Architecture: (1) First phase: retrieve context (non-streaming, fast) → show “searching…” indicator to user. (2) Second phase: stream LLM response. If the model outputs text, stream directly to client. If the model outputs a tool call, pause the visible stream, show “looking up information…” indicator, execute the tool, then resume streaming with the tool result injected. (3) Handle gracefully: if tool execution takes >3 seconds, show progress.
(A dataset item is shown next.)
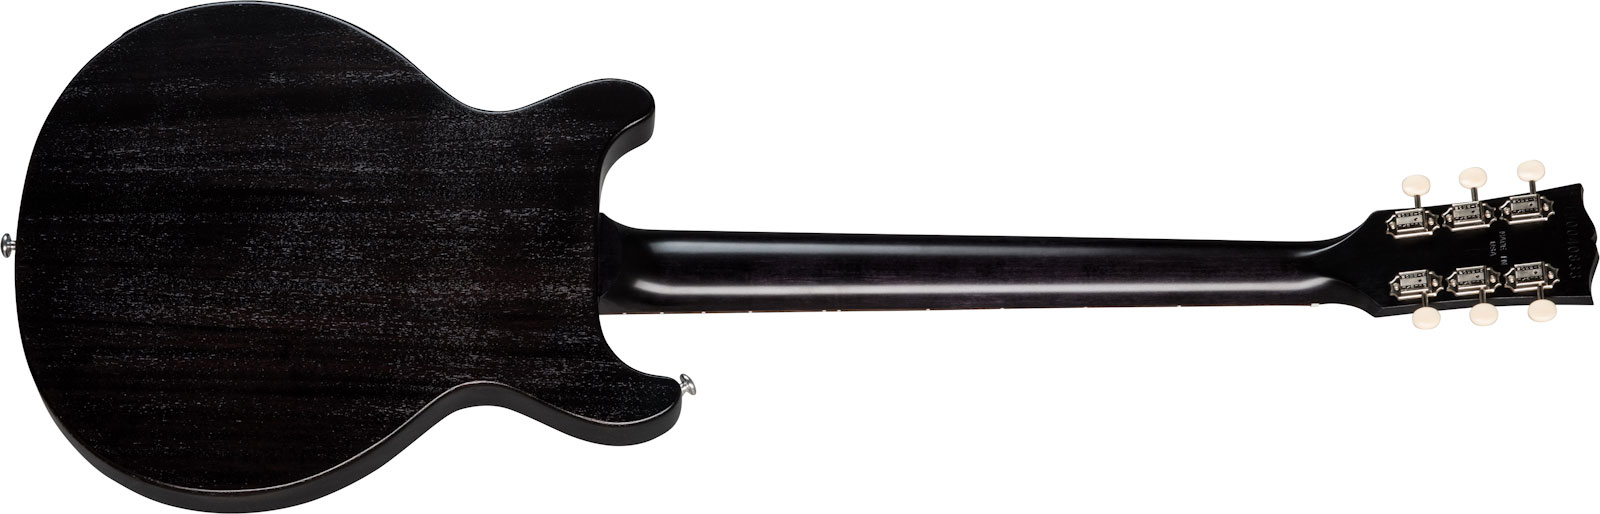 Gibson Les Paul Junior Tribute Dc Modern P90 - Worn Ebony - Guitarra eléctrica de doble corte. - Variation 1
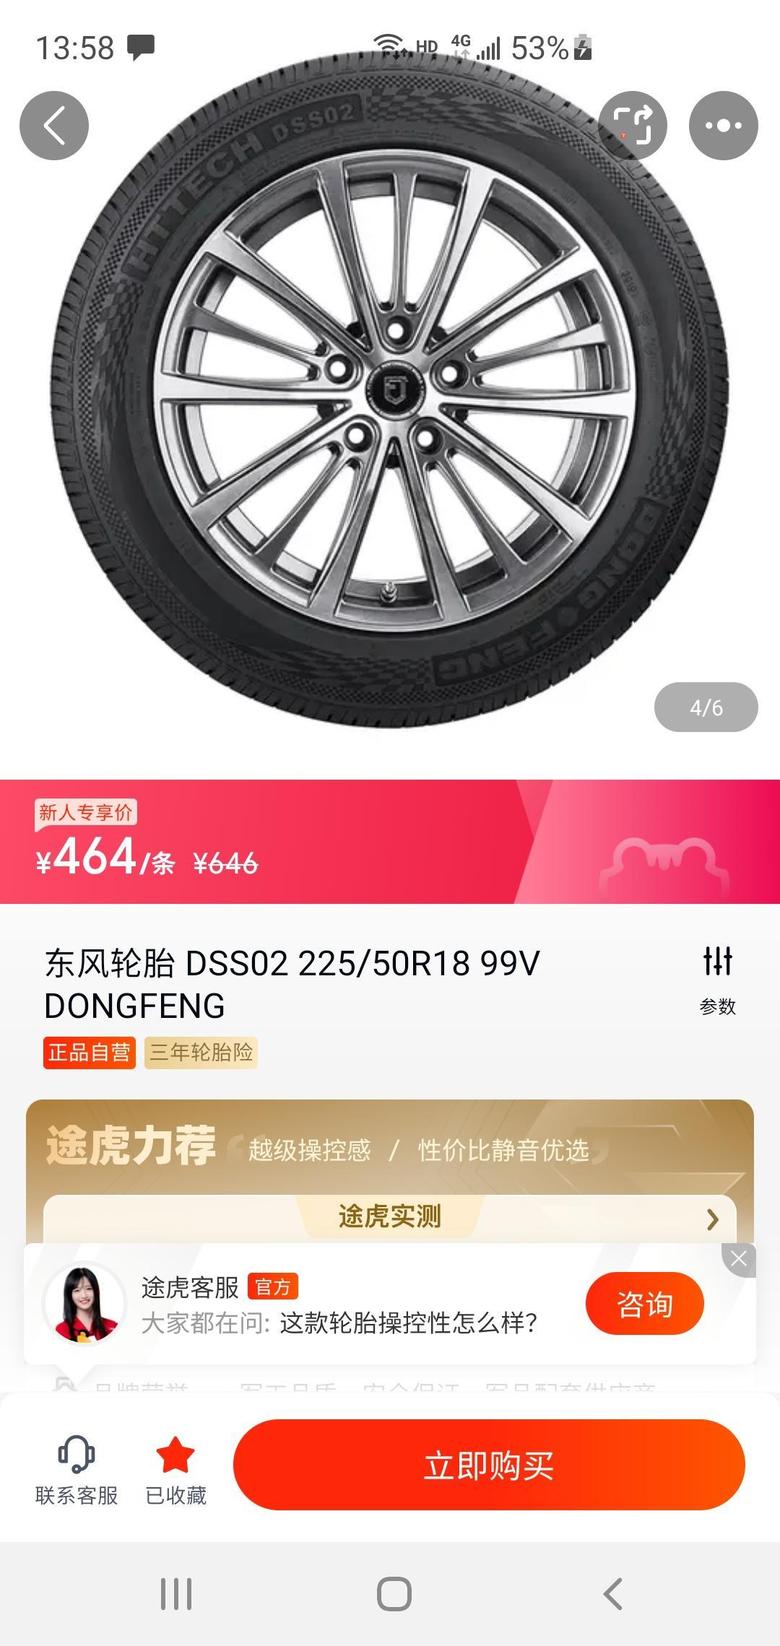 力狮 打算换轮胎在途虎看到这个轮胎价格好便宜有谁在途虎换过轮胎的嘛？

If it fails, stream an explanation. (4) Client implementation: use ReadableStream with state machine (streaming_text → tool_call_pending → streaming_text). (5) Edge cases: model calls multiple tools in sequence - show appropriate status for each. Model interleaves text and tool calls - buffer small text segments before tool calls to avoid jarring UX of one word → pause → one word.
Q: Your streaming endpoint works locally but responses arrive in large chunks (not token-by-token) in production. What is wrong?
Almost certainly response buffering by an intermediary. Diagnose by layer: (1) Check Nginx/reverse proxy config - needs proxy_buffering off; and X-Accel-Buffering: no header. (2) Check CDN/edge (CloudFront, CloudFlare) - may need specific streaming configuration. (3) Check application framework - some frameworks buffer response bodies. Ensure you are using streaming response types (StreamingResponse in FastAPI, not regular Response). (4) Check compression - gzip compression can buffer until a complete compression block is ready. Either disable compression for SSE endpoints or use chunked transfer encoding with flush after each event. (5) Docker/container networking - some container runtimes buffer stdio. Fix: test each layer independently (curl directly to app server, then through each proxy layer) to isolate where buffering occurs.